Começando pelos treinadores, deixo aqui algumas sugestões para manterem os atletas ativos e sem perderem as noções básicas da forma da equipa jogar: fornecer planos para manterem a atividade física, de forma coletiva ou individual; marcar 1-2 reuniões semanais (pelo Zoom por exemplo) onde cada jogador segue “in loco” o seu treinador em exercícios de força, mobilidade articular ou prevenção de lesões; análise em vídeos dos treinos e dos jogos realizados e enviar pequenos vídeos (ou imagens) coletivas e individuais aos atletas, aproveitando para analisar possíveis adversários, tudo isto para que a readaptação seja melhor; fornecer um plano alimentar (ou as diretrizes gerais) para que não tenhamos atletas com excesso de peso no regresso aos treinos; mostrar aos atletas programas de prevenção de Lesões (“Fifa 11+” é um dos melhores e serve para Séniores e para a Formação); promover por fim atividades grupais, à distância, promovendo clima de espírito de grupo. A manutenção e a monotorização de todas as atividades, assim como o bem estar dos atletas devem ser constantemente regularizado, via telefónica, mensagem, por vídeo e em último caso por Questionários de Bem Estar.

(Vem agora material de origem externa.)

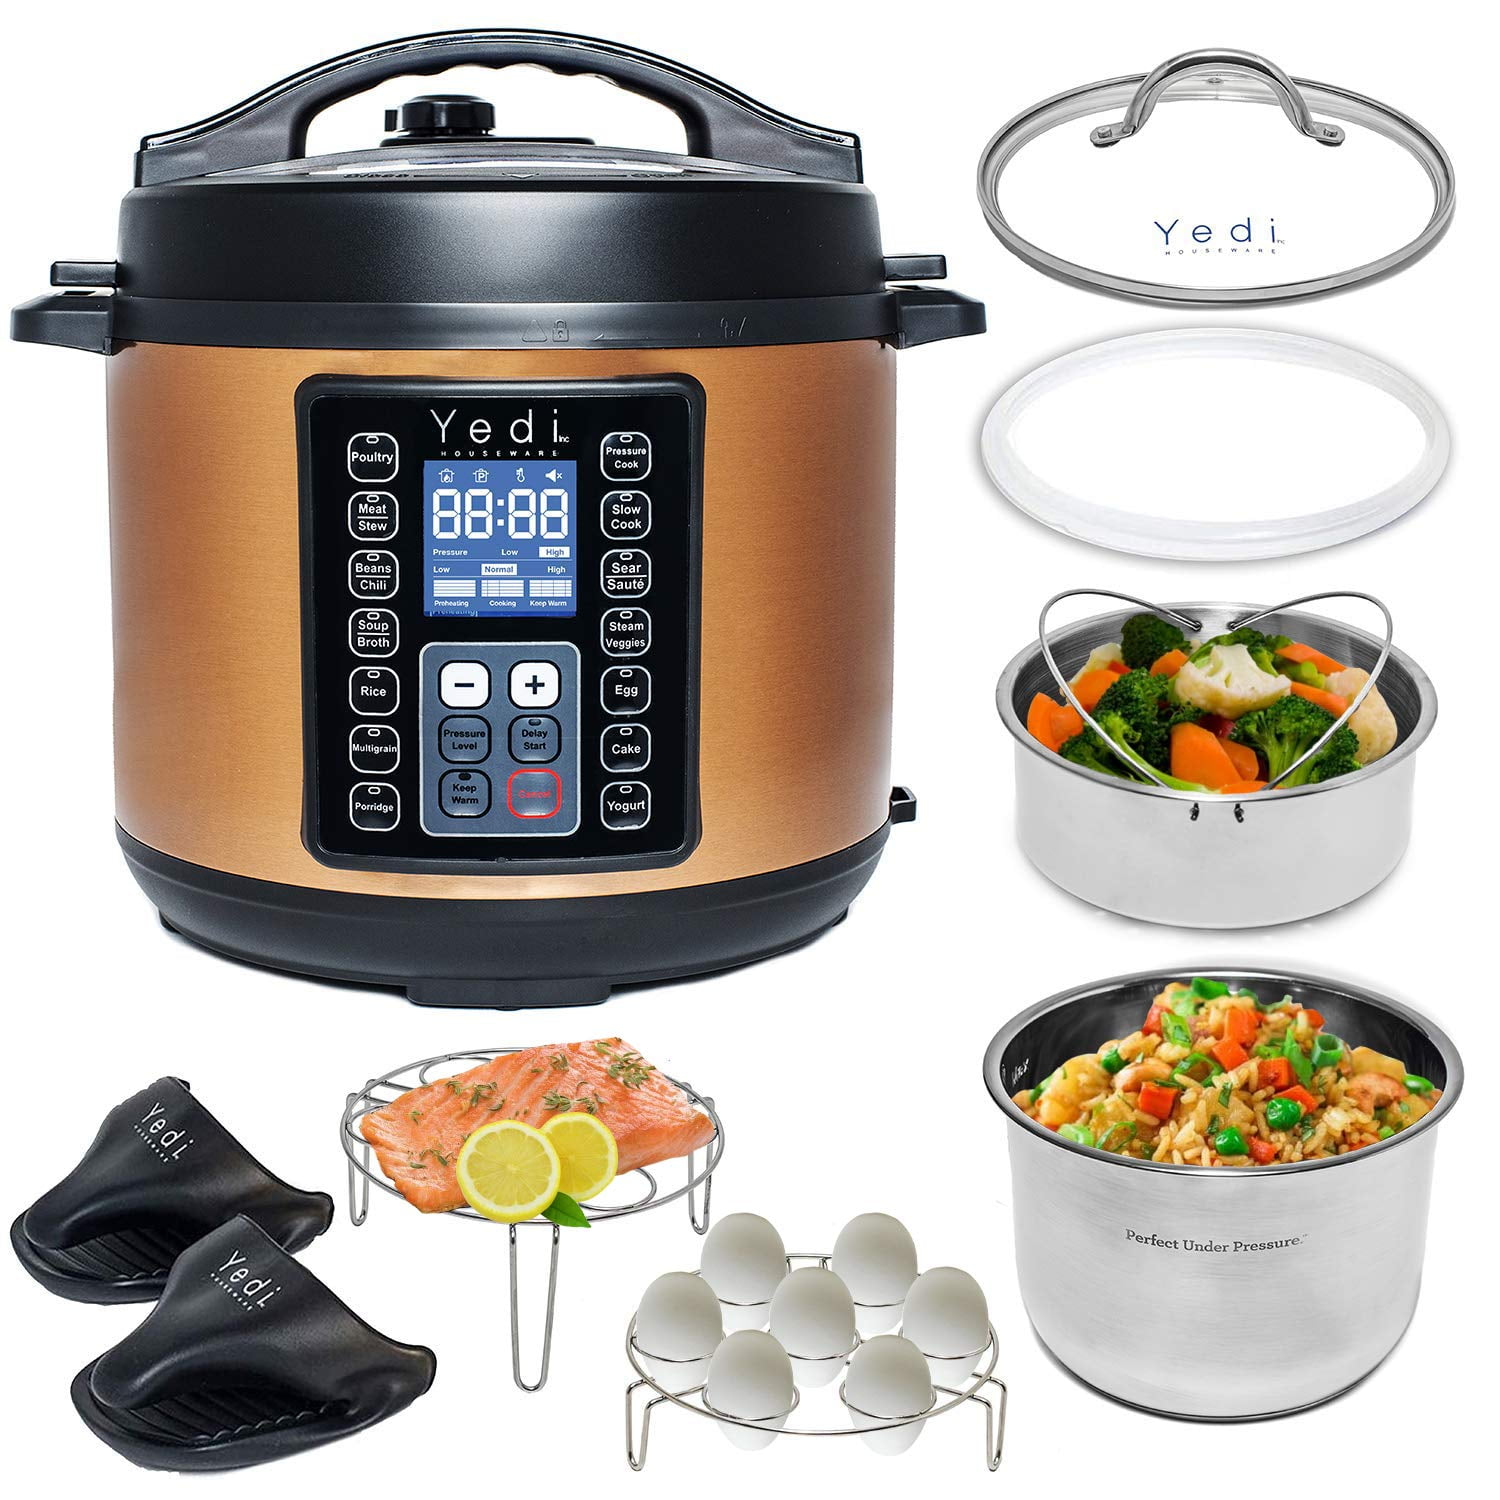 Yedi 9-in-1 Total Package Instant Programmable Pressure Cooker, 6 Quart,  Deluxe Accessory kit, Recipes, Pressure Cook, Slow Cook, Rice Cooker,  Yogurt Maker, Egg…

Aos jogadores deixo o repto de se manterem ativos e que sigam as instruções dos seus treinadores (se possível as mesmas que foram acima explicadas). Peço que não se isolem socialmente (telefonem a amigos, a colegas, aos treinadores, etc), mantenham-se ativos, procurem fazer uma alimentação saudável e equilibrada e que tentem cumprir as horas de sono. Embora possam ter os vossos empregos e sujeitos a esforços diferentes, com condições diferentes, estas são as linhas gerais para cada um e estão ao alcance de todos.

Aos dirigentes procurem patrocínios, tentem pagar a toda a equipa e ao staff de apoio (nunca lhe prometam o que não podem cumprir e não lhes mintam em nenhum momento, pois neste momento de crise, para algumas pessoas “o dinheiro da bola” pode ser um extra que fará a diferença no orçamento familiar de cada um. Repito: não lhes mintam e se prometerem..paguem!). Procurem apoios, façam apelos a patrocinadores, peçam ajudas. Procurem saber também o estado dos atletas, equipas técnicas e staff e não os abandonem. No caso da formação, procurem saber junto dos mais jovens como estes se encontram, e respetivas famílias. Procurem saber como estão os estudos e as relações entre estes, e que esta pandemia sirva para aprendermos que por vezes, num clube faz mais falta um bom departamento médico e social, do que mais 2-3 jogadores. Invistam num bom médico, num fisioterapeuta, num Nutricionista e num Psicólogo. São mais valias decisivas dos petizes aos seniores.

À Associação de Futebol de Vila Real deixo o repto: voltem a cortar nas várias taxas aos clubes, voltem a fornecer apoios e materiais aos clubes como fizeram no inicio da época, reformulem os quadros competitivos e o mais importante dos apelos: façam a máxima força para que haja testagem, nem que seja com testes rápidos, pois só isso trará alguma segurança ao futebol e afaste alguns fantasmas ainda presentes. Apoiem a Formação como puderem: façam atividades em casa para os miúdos fazerem em casa como fizeram em Abril, promovam ações de formação para miúdos, imponham aos clubes Psicólogos e Nutricionistas e vistoriem os mesmos (que têm tendência para mascarar todo o processo de Certificação).

Aos adeptos, que tanto anseiam voltar ao estádio, somente deixo 2 pedidos: paguem cotas nos clubes e participem nas lotarias/jogos dos mesmos e mostrem o vosso apoio ao clube nas redes sociais e para com os atletas, mostrem que estão desejosos de os ver e de gritar por eles. Façam-no em vídeo ou por mensagens nas redes sociais, às vezes é nestes momentos que os clubes mostram a sua dimensão!

A todos o mesmo apelo, protejam-se e sigam as normas da DGS. E que o futebol distrital, que tão mal de cuidados está, volte a ser o nosso futebol, aquele onde todos um dia sonhamos ser heróis do clube da nossa terra e que ainda nos vão vibrar a cada domingo, lembrando tempos antigos e fazendo esquecer os problemas da nossa vida. Pelo menos durante 90 minutos.

A máquina vai ligar-se e vamos ter alta em breve! Cuidem-se!